Hell....I think they BOTH look good. Keep both.....interchange them from time to time. It'll give you a little change of pace. PLUS the ones you aren't using won't take up THAT much space.


----------



## fondoo (May 2, 2002)

hey dryboy, can you post some night shots of the front of the car? i wanna see how it looks like at night. i'm thinking of purchasing those same headlights.


----------



## NiS[sX]mO (Mar 1, 2003)

both look pretty good ... but with ur headlights the stealth ones are great.
If u wanna sell the amber one I'm verty interested
Yann


----------



## dry (Oct 21, 2002)




----------



## whiteb14 (Jul 7, 2002)

fuckin sweet ^^


----------



## dry (Oct 21, 2002)

will a mod kill this thread... I no longer care about stealth VS. amber as much as I care about broken vs. fixed at this point.


----------



## crandizzle (Mar 10, 2004)

HKS20DET said:


> i dont know... maybe i stand alone but the ambers dont look to bad.

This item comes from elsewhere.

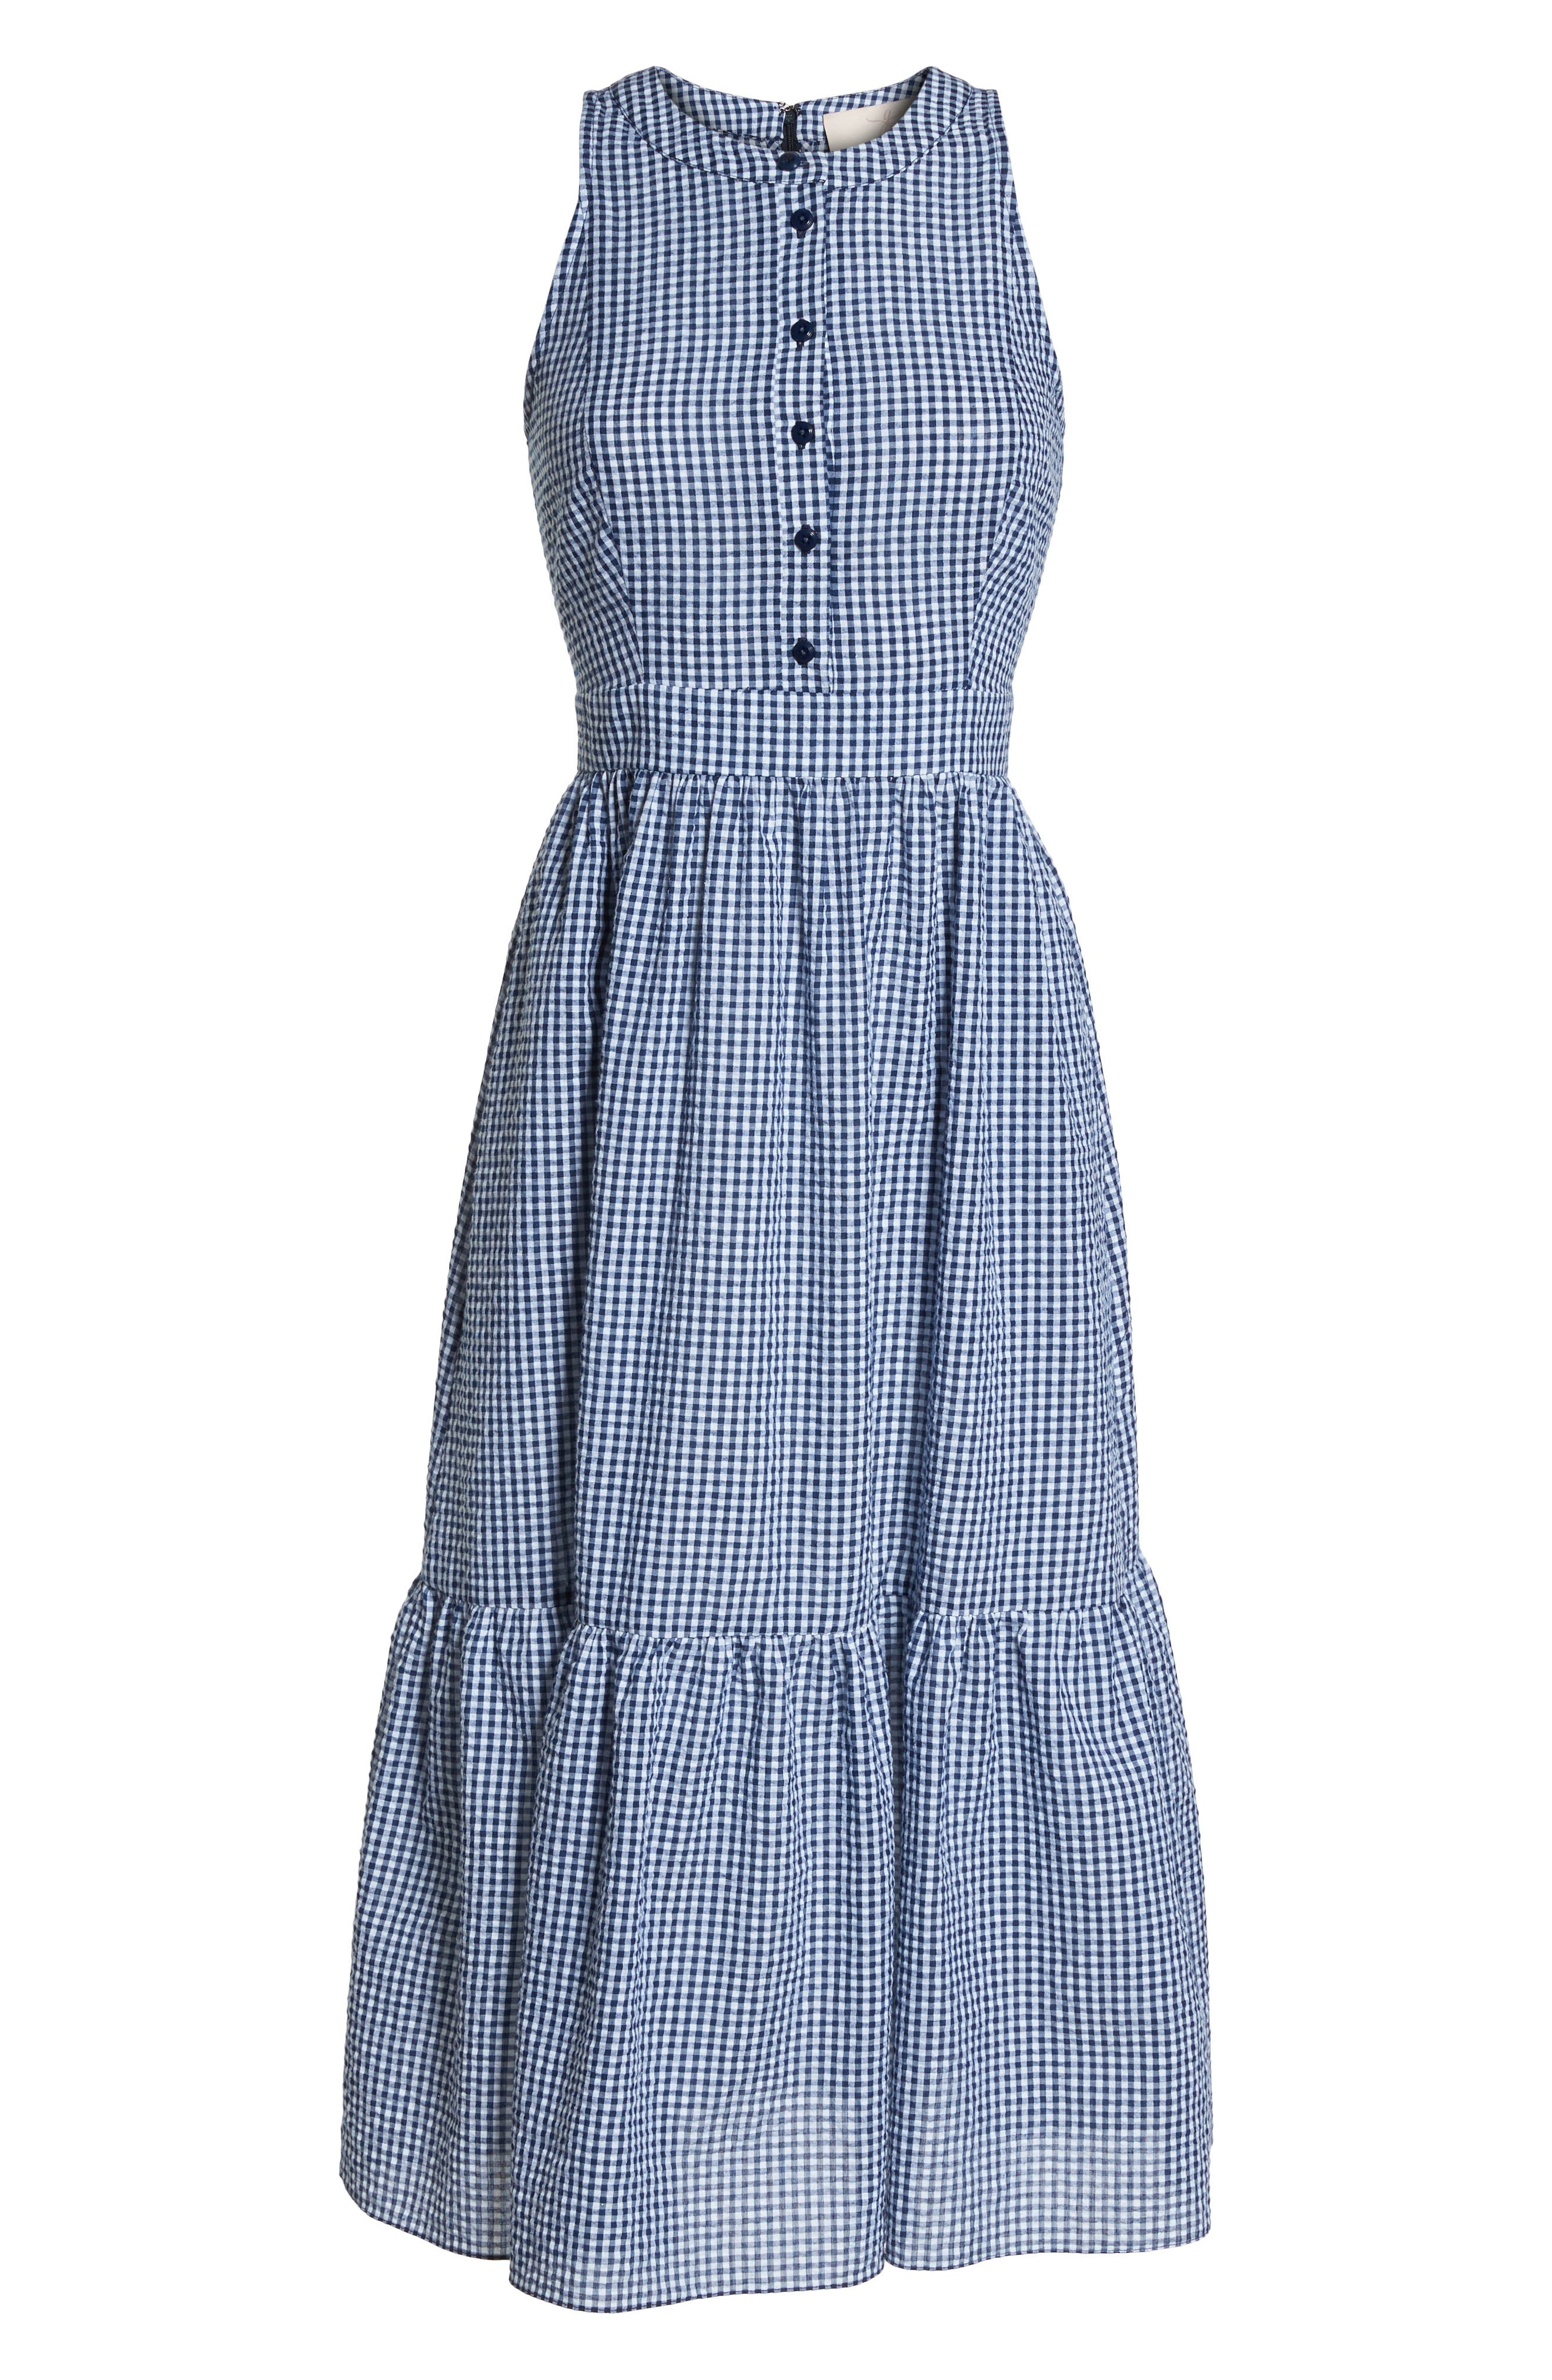 Ardith Gingham Fit & Flare Midi Dress,                             Alternate thumbnail 8, color,                             Blue/ White

nope i stand with you one that one ambers look so much better at night too...i would stay with the amber..... :thumbup: :cheers: 





:fluffy: :fluffy: :fluffy:


----------



## Neil (Aug 13, 2002)

I like all ambers but i dont like how they look with your headlights. I'd say the reason is that all ambers are a very clean look being all one color while your headlights are very complicated looking compared to say stock or all clears because of the circles and color changes etc. Just doesnt look right.


----------



## phreako (Mar 4, 2004)

i have stealth corners, with the black halo headlights...they look good i think, besides the 99 grille gap where you can see the pointy ends of the headlights. i'll try to post some pics of it later. i think it looks much better than amber.


----------



## Kalel (Jun 26, 2003)

I prefer Amber kinda reminds of a Beemer


----------



## NismoXR (May 1, 2002)

Hey Dry,
I was wondering what type of paint did you use to paint your corners? Was it a spray or brush? Which brand? Where did you buy it?
TIA


----------



## SC0TT (Nov 9, 2003)

it was some spray paint I baught at a hobby shop (Michaels Crafts) it is called "stained glass" paint, and I dont remember the brand, probably dupli-color.


----------



## phreako (Mar 4, 2004)




----------



## LIUSPEED (May 29, 2002)

look really hot !

jes need to resize them a bit !  :thumbup:


----------